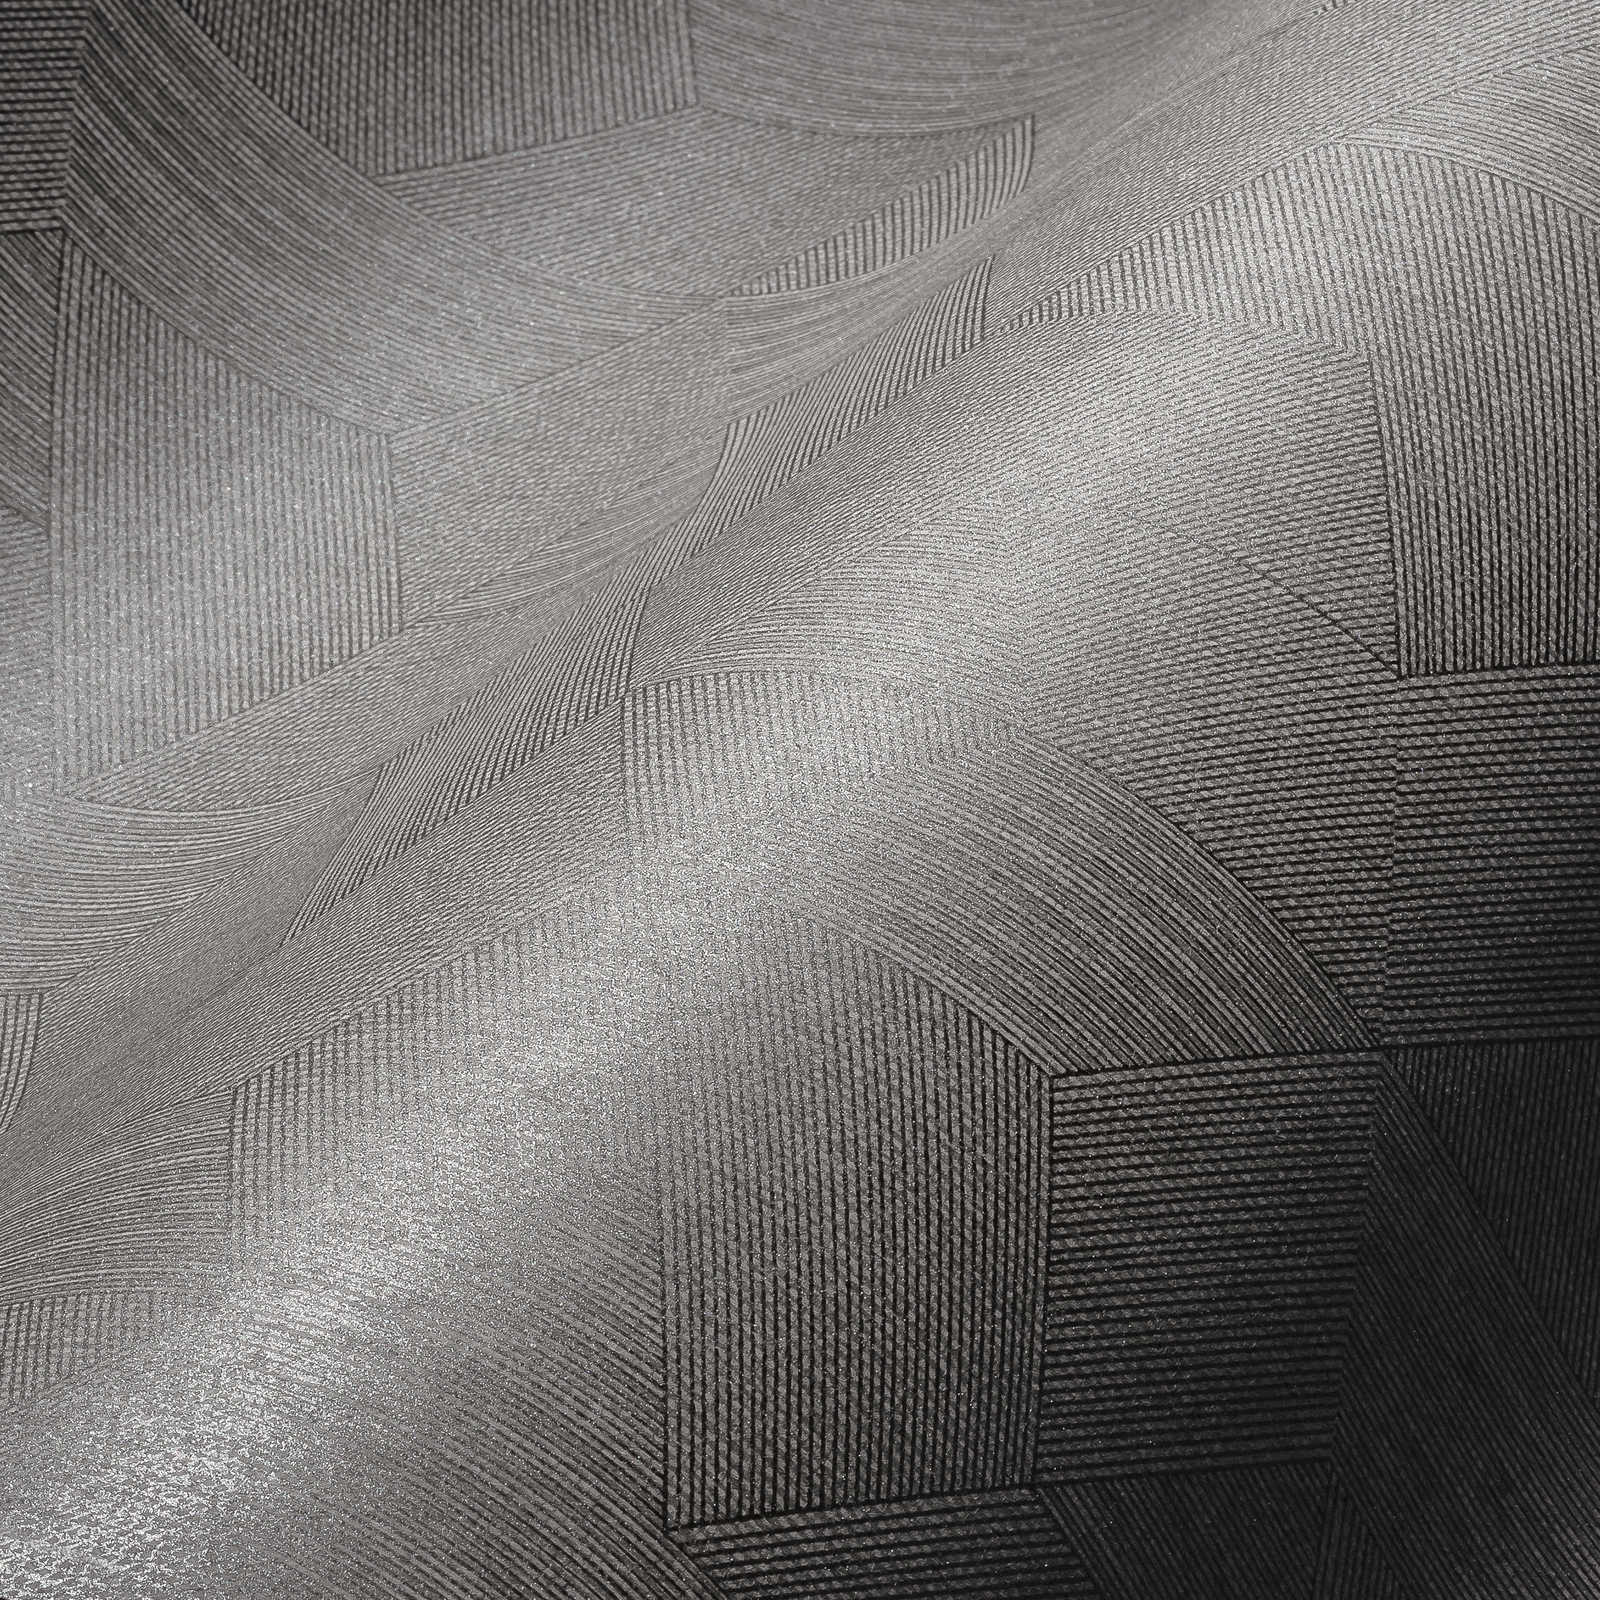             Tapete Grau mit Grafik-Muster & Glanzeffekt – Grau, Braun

---

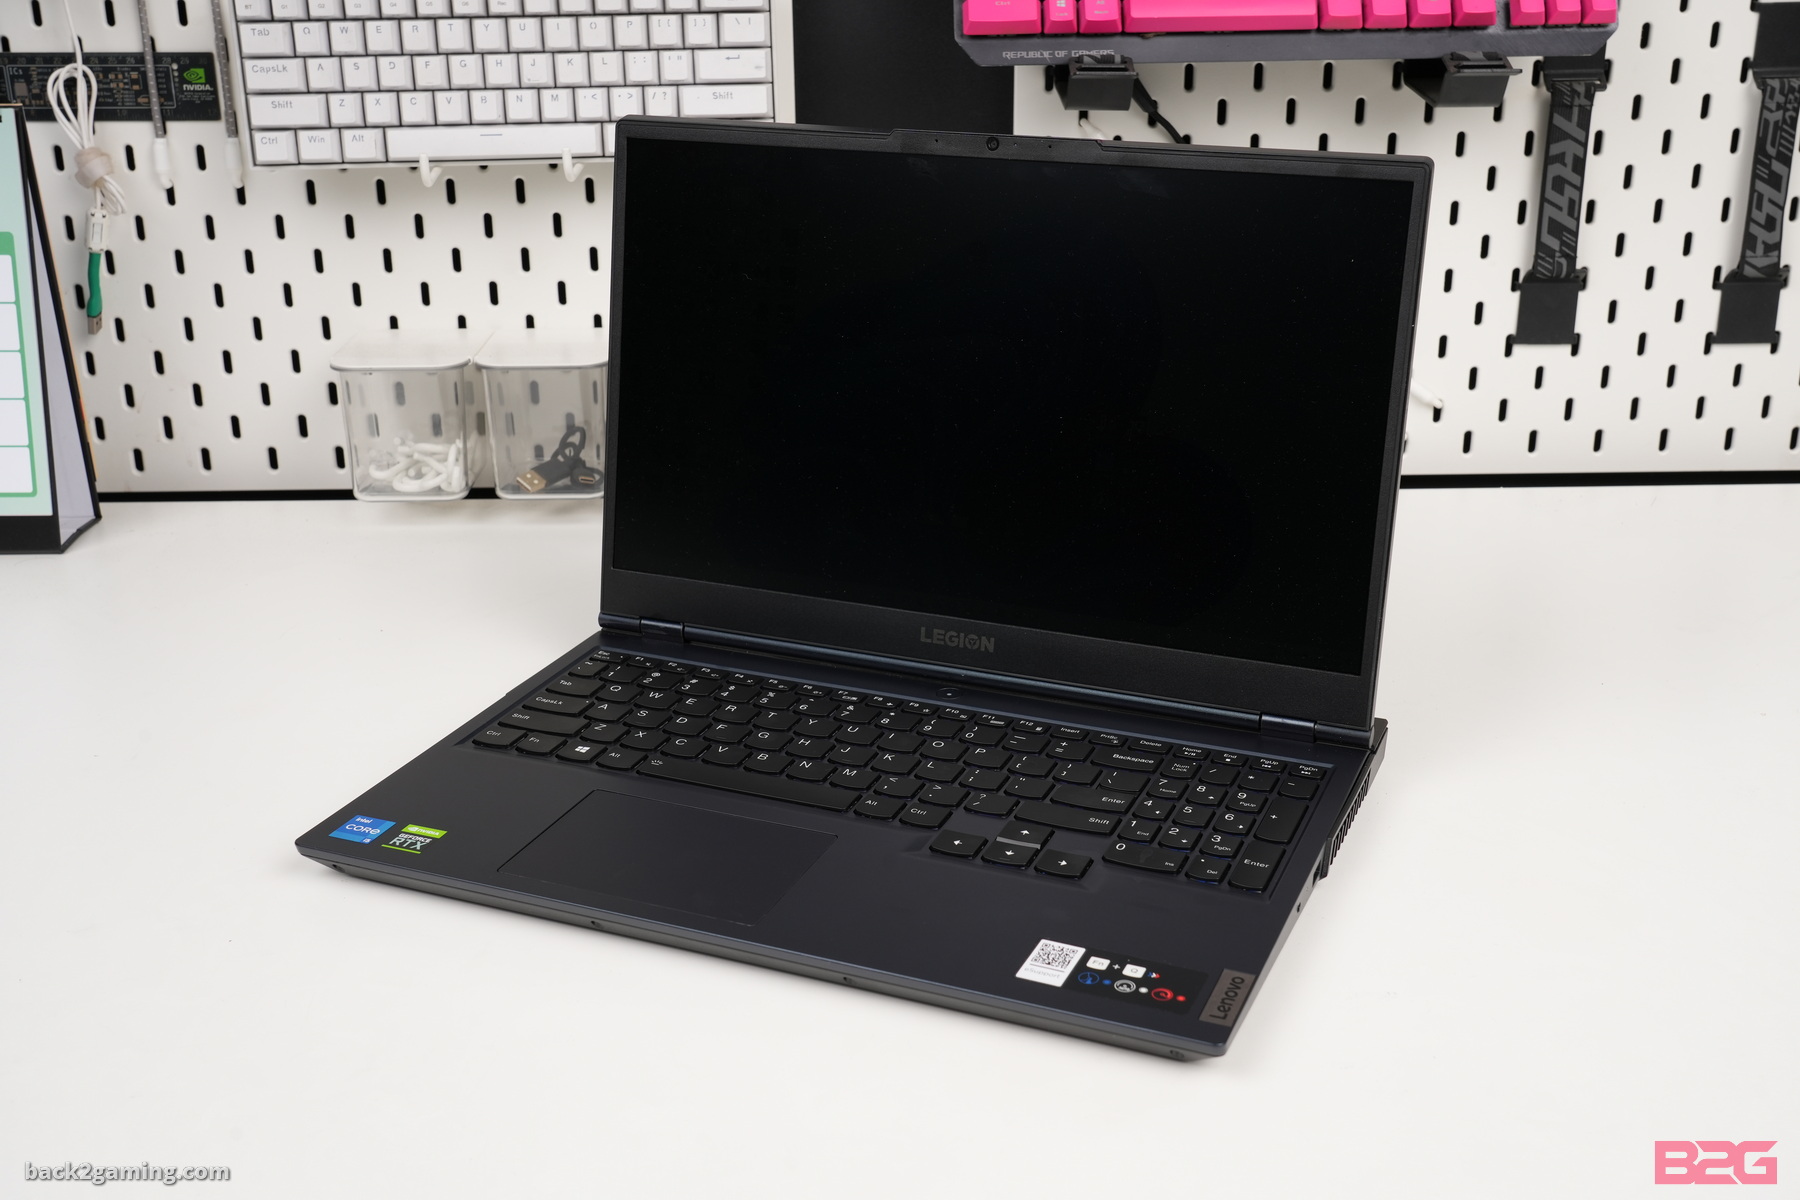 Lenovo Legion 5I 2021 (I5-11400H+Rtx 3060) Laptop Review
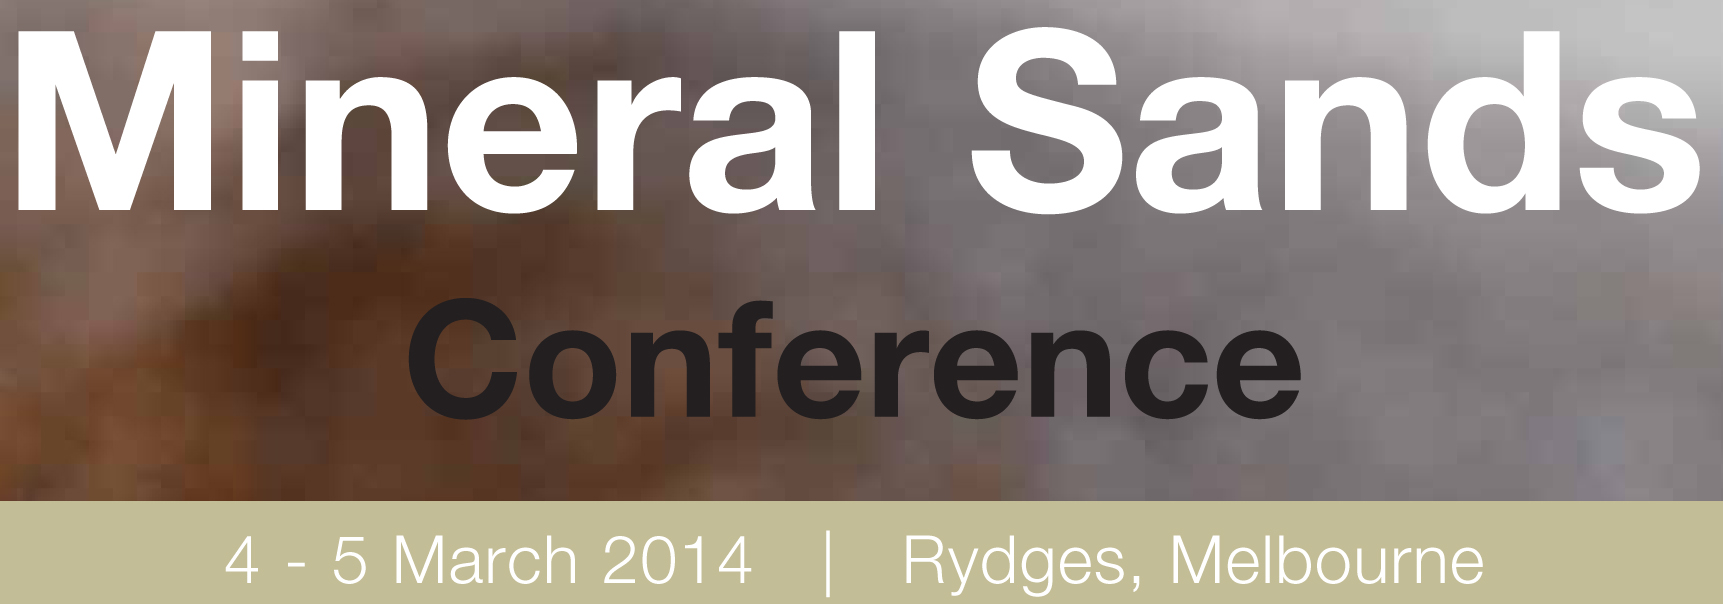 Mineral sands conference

• Work instructions
For this exercise, please set down exactly the lines of the listing above from the line with "Lenovo Legion 5I" up to and including the line with "Mineral sands conference", and no pictures.

• Exercise answer
 Lenovo Legion 5I 2021 (I5-11400H+Rtx 3060) Laptop Review
 Mineral sands conference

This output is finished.